Ballroom’s realness category reflects the serious issue of safety for trans people of color. The category typically judges competitors on their ability to “pass” as different gender identities like cisgender female, drag queen, trans male.

It originated to emphasize the unfortunate necessity of “passing” for trans men and women who were (and still are) often met with discrimination, physical violence and even death if they do not pass as cisgendered (someone whose gender identity corresponds with their sex assigned at birth). 


“These skills and categories in ballroom, they’re not just stuff for trophies. These are ways of life and ways to maneuver in the real world, in the straight world,” said Tiana Monet. 

Space for self-expression

Three butterfly-shaped mirrors decorated Michael Saunders’ chest, accenting the all-black costume he wore at the Haunted Nights ball. The butterflies are an homage to his mother’s “Black butterfly” persona, which she adapted as she learned to embrace her dark skin. It’s a symbol she handed down to Saunders. 

The mirrors, said Saunders, a member of the House of Monet, were a nod to the “ethereal beings” theme of one of the categories at the ball, and they demonstrate what he sees as his purpose in life — “to serve people” and “to be a reflection of what other people need.”

For many, ballroom is a place where they can be themselves and celebrate aspects of themselves that are often denigrated by society. 

“When I walk, I’m being witnessed in my truest self,” said Dannis Thompson, a co-founder of the House of Boba. “It’s very empowering for me to know that people are looking at me for what is actually me and not the façade that I put up in the cis-heteronormative world. I’m being witnessed without any effort from me to put up a front. I feel very safe, I feel very held by community.” 

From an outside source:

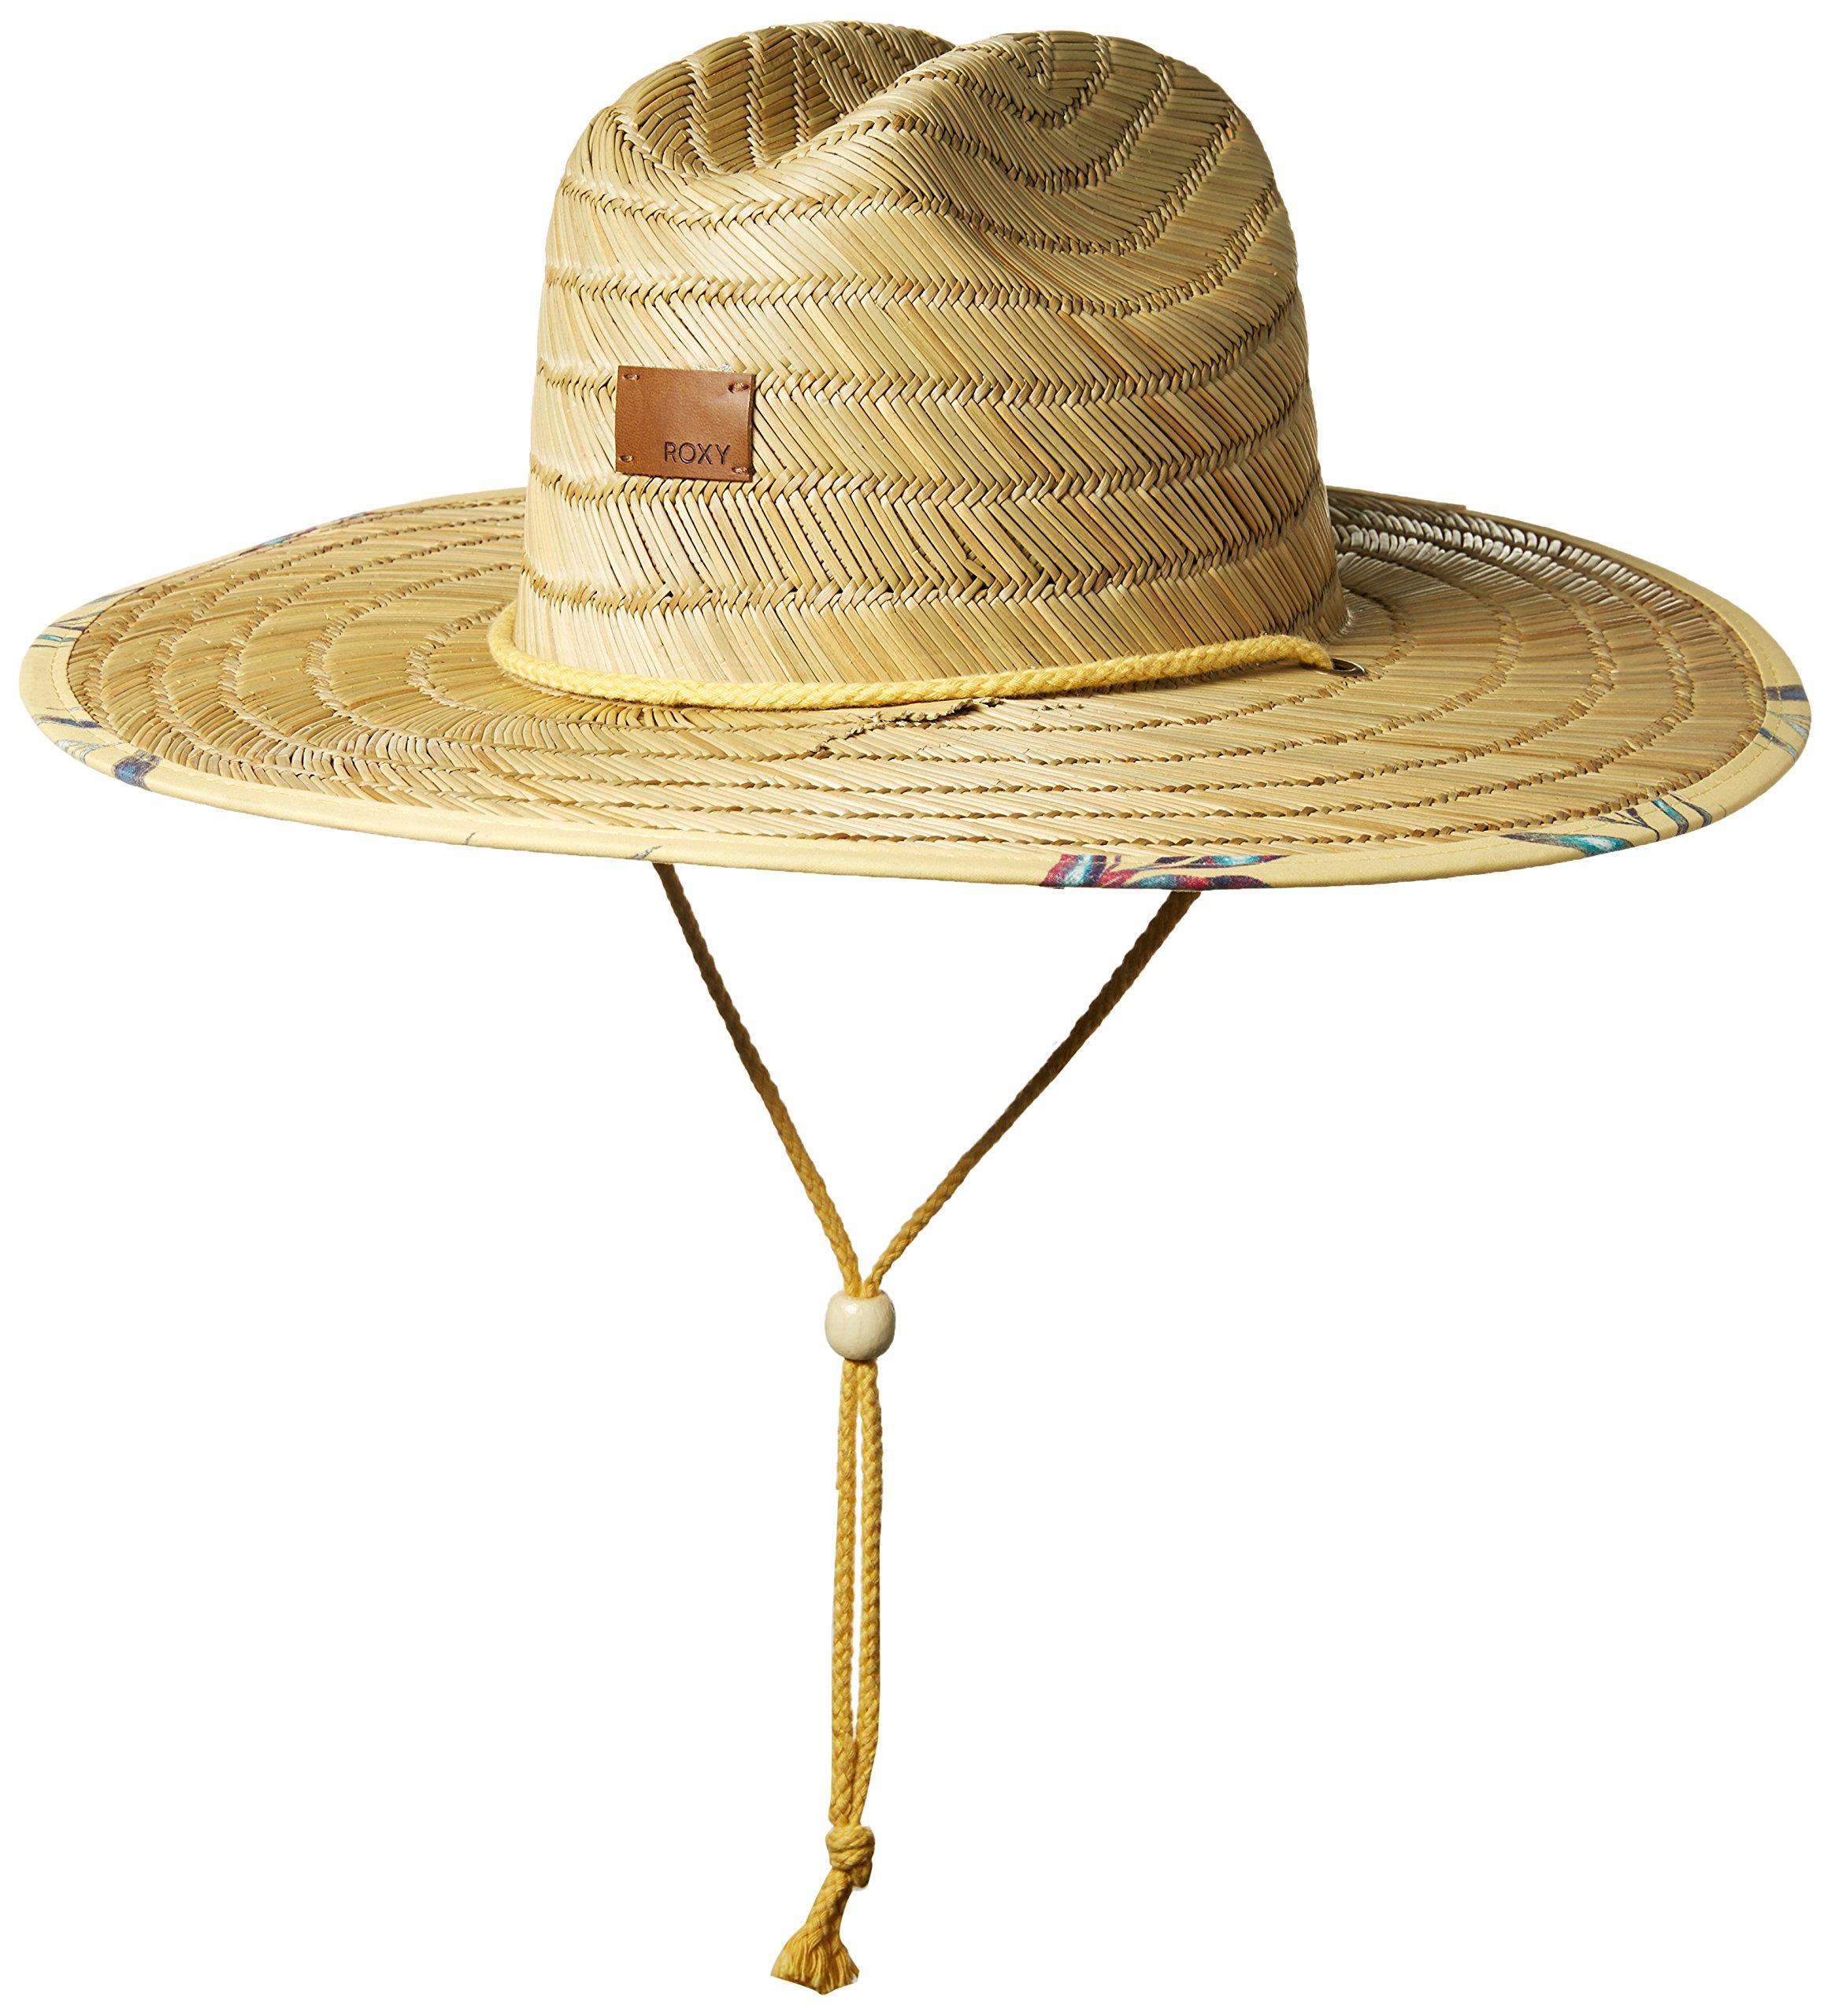 Roxy Junior's Tomboy Straw Hat, Buff Yellow Swim Stormy Flower, S/M

The community in Seattle includes many who identify as nonbinary and gender nonconforming, and a desire to extend the joys of self-expression to everyone in the ballroom is creating new conversations in the ballroom scene. 


At the Haunted Nights ball in October, host Kurt Ragin (known as Julian Lanvin in the ballroom scene) was happily surprised when participants called for the impromptu addition of a realness category for nonbinary competitors. 

“We had to recognize the people who exist in that space,” said Lanvin. “It was an educational moment for the commentators, the judges and the audience.”

While Seattle is ahead of the game on nonbinary inclusion, the scene here is still small and new compared with other cities. 

“The PNW has a reputation of being progressive,” Wallace said. “But that progressiveness has a slant if you’re Black and brown.” 

That’s why the ballroom scene here is so important, Thompson says. 

“It’s about teaching ourselves to accept ourselves,” they said. “We didn’t know we could express ourselves in this way and be accepted.”